Vor dem Beginn des Nato-Gipfels in London hat Nato-Generalsekretär Jens Stoltenberg sich zu der von Frankreichs Staatschef Emmanuel Macron ausgelösten Kontroverse über den Artikel 5 des Nordatlantikvertrags, der den sogenannten Bündnisfall regelt, geäußert. Artikel 5 sei das „Herzstück der Nato“, sagte der Generalsekretär. „So lange potenzielle Gegner wissen, dass ein Angriff auf einen Verbündeten zu einer Antwort des ganzen Bündnisses führt, so lange wird uns kein Gegner angreifen“.

Aufgrund dieser Regelung sei die Nato die „stärkste Militärmacht der Welt“. Er erwarte, dass sich alle Bündnispartner – auch Frankreich – an diese „Vertragsverpflichtung“ hielten, betonte Stoltenberg.

Die Nato-Staats- und Regierungschefs kommen am Dienstag und Mittwoch in Großbritannien anlässlich des siebzigjährigen Bestehens der Allianz zusammen. Überschattet werden dürfte der Gipfel von der jüngsten Kritik Macrons an dem Militärbündnis. Der französische Präsident hatte der Nato Anfang November den „Hirntod“ bescheinigt. Macron begründete dies mit einer mangelnden Koordination der Vereinigten Staaten mit den Europäern und dem „aggressiven“ Vorgehen des Nato-Mitglieds Türkei in Nordsyrien.

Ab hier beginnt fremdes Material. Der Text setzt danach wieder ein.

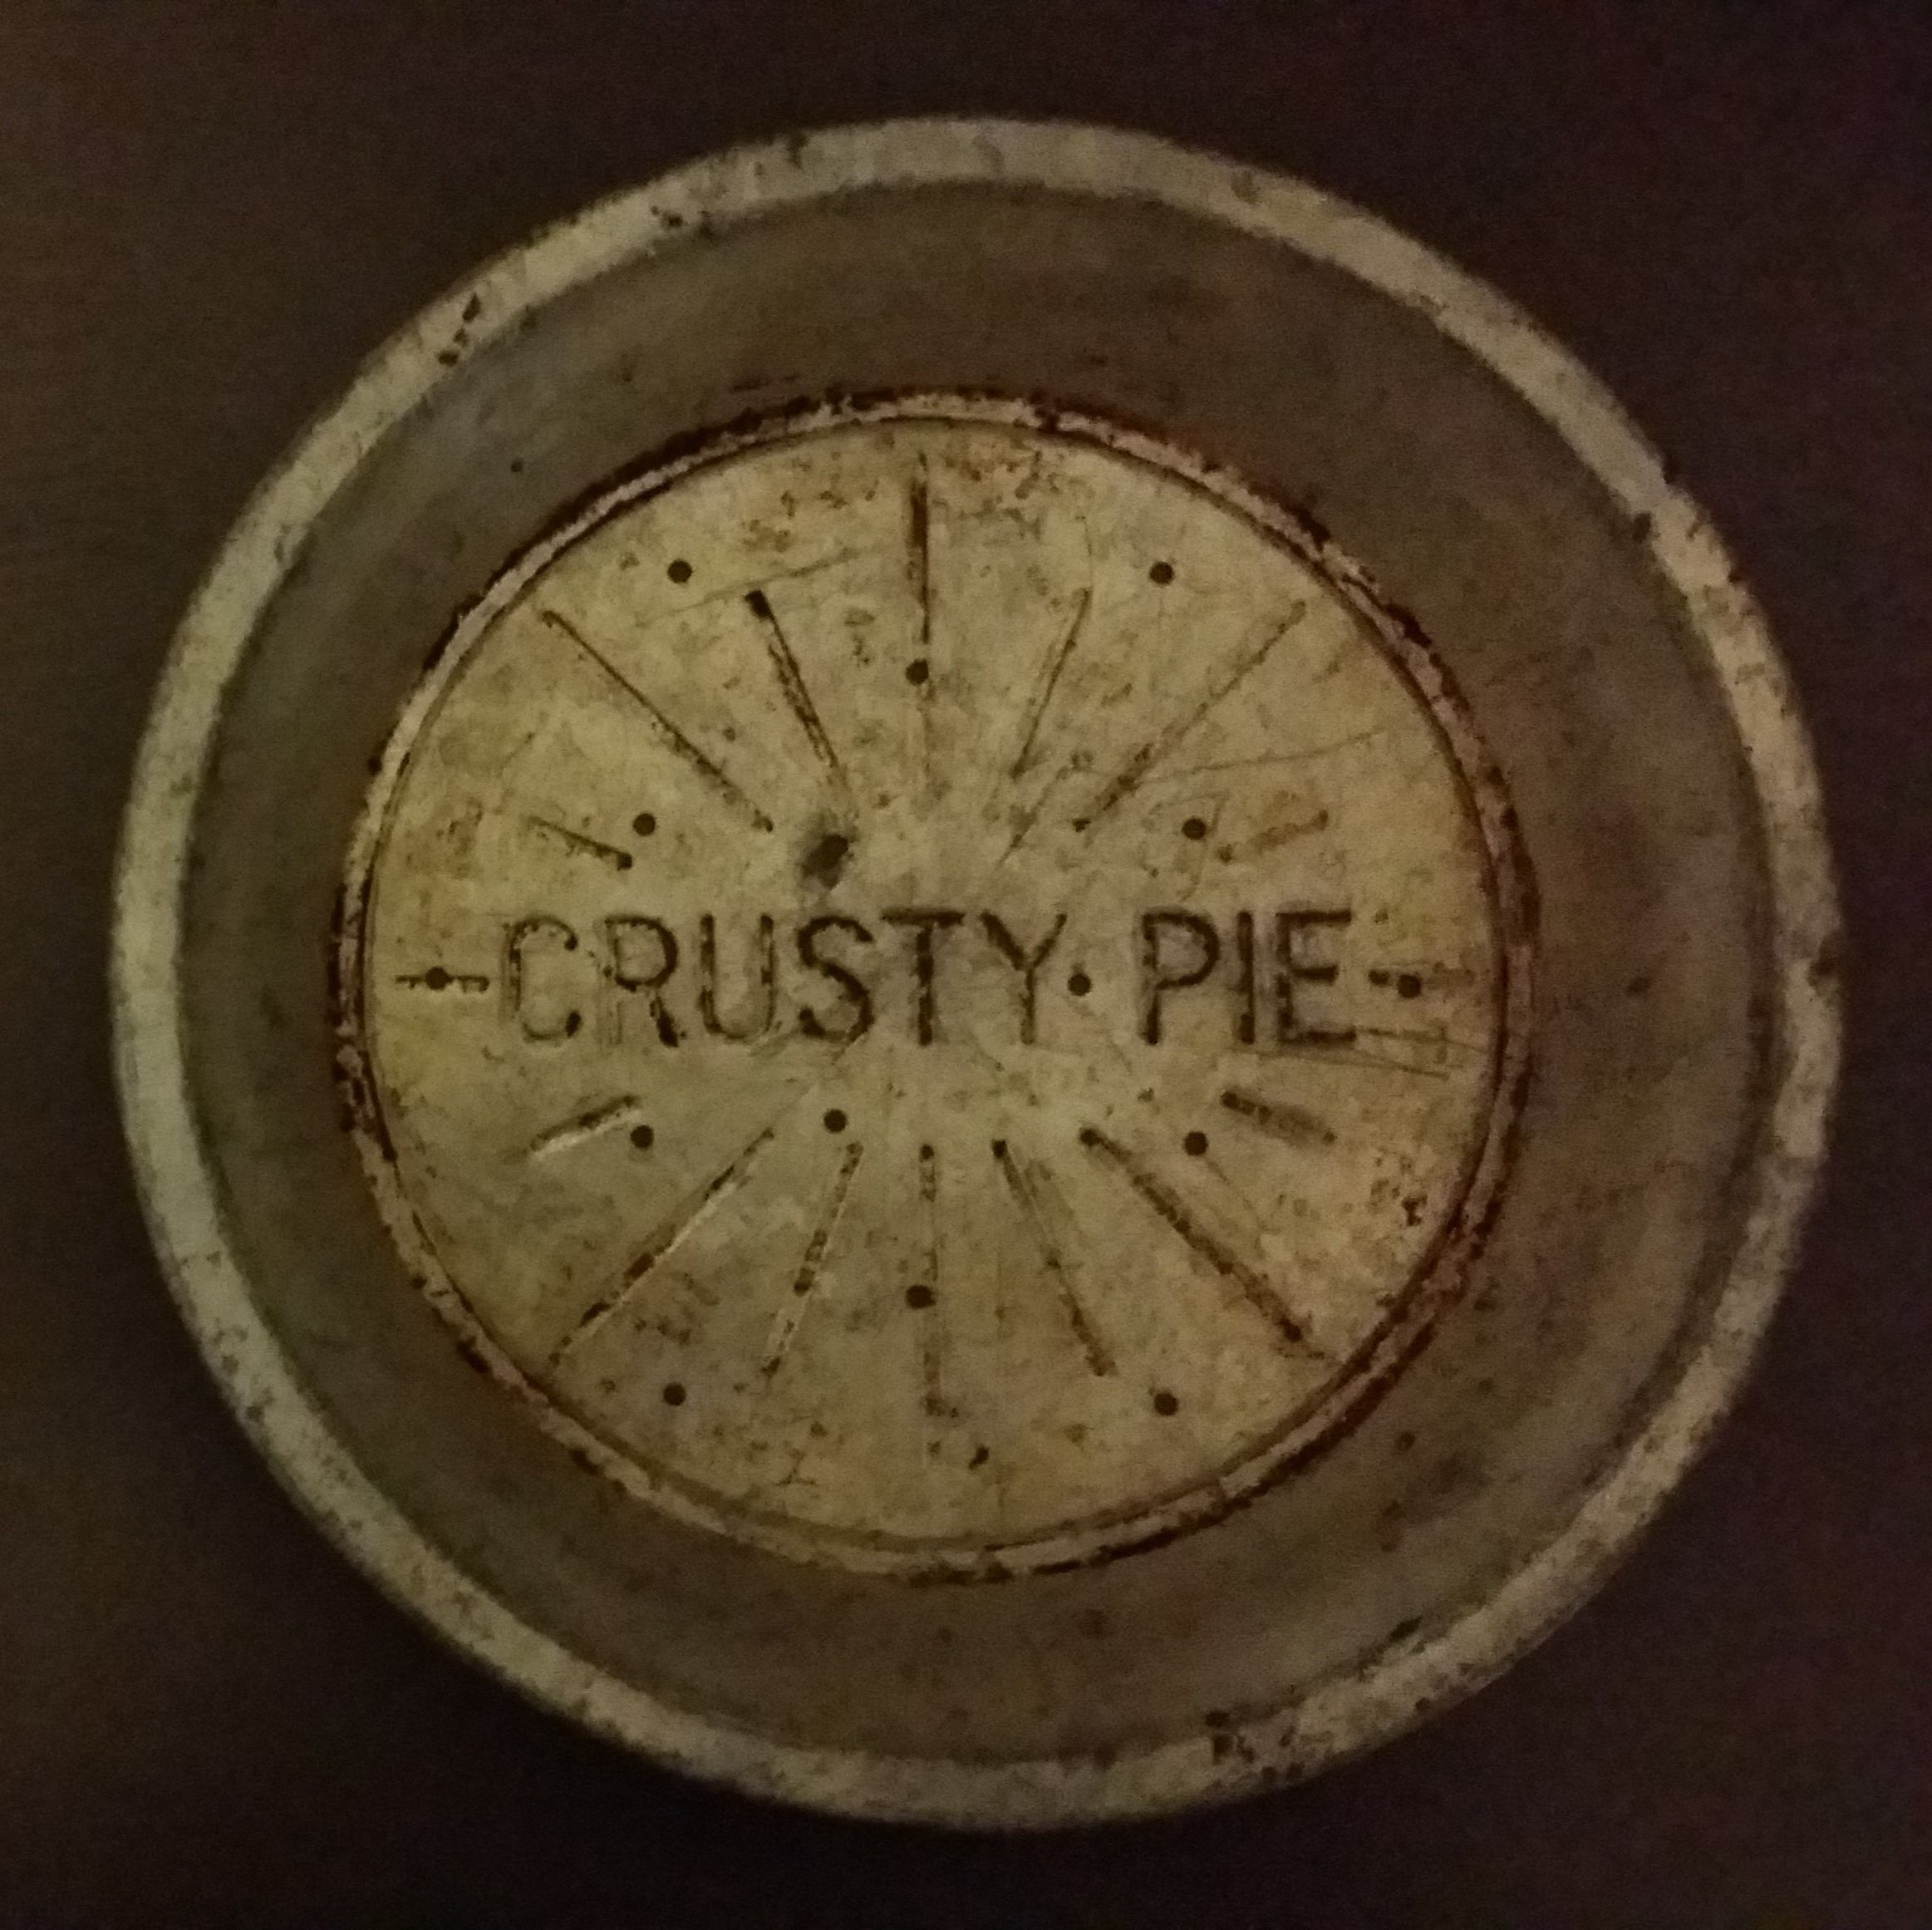 Crusty Pie

Im Bündnis stieß die drastische Wortwahl des französischen Präsidenten auf Unverständnis. Offene Kritik an Macron äußerten osteuropäische Regierungen, weil der Präsident auch die Meinung vertrat, dass Europa sich selbst verteidigen könne. Viele osteuropäische Nato-Mitgliedstaaten sehen sich direkt durch Russland bedroht und wollen keinesfalls auf den Schutz der Vereinigten Staaten verzichten.

Stoltenberg sagte im ARD-Interview, es gebe Differenzen in der Nato, die man akzeptieren müsse. „29 Verbündete werden sich nicht in allem einig sein können“, sagte er. Er sei jedoch zuversichtlich, dass die Staats- und Regierungschefs bei dem Gipfel in Großbritannien „ihr starkes Engagement zu unserer gemeinsamen Verteidigung bekräftigen werden“.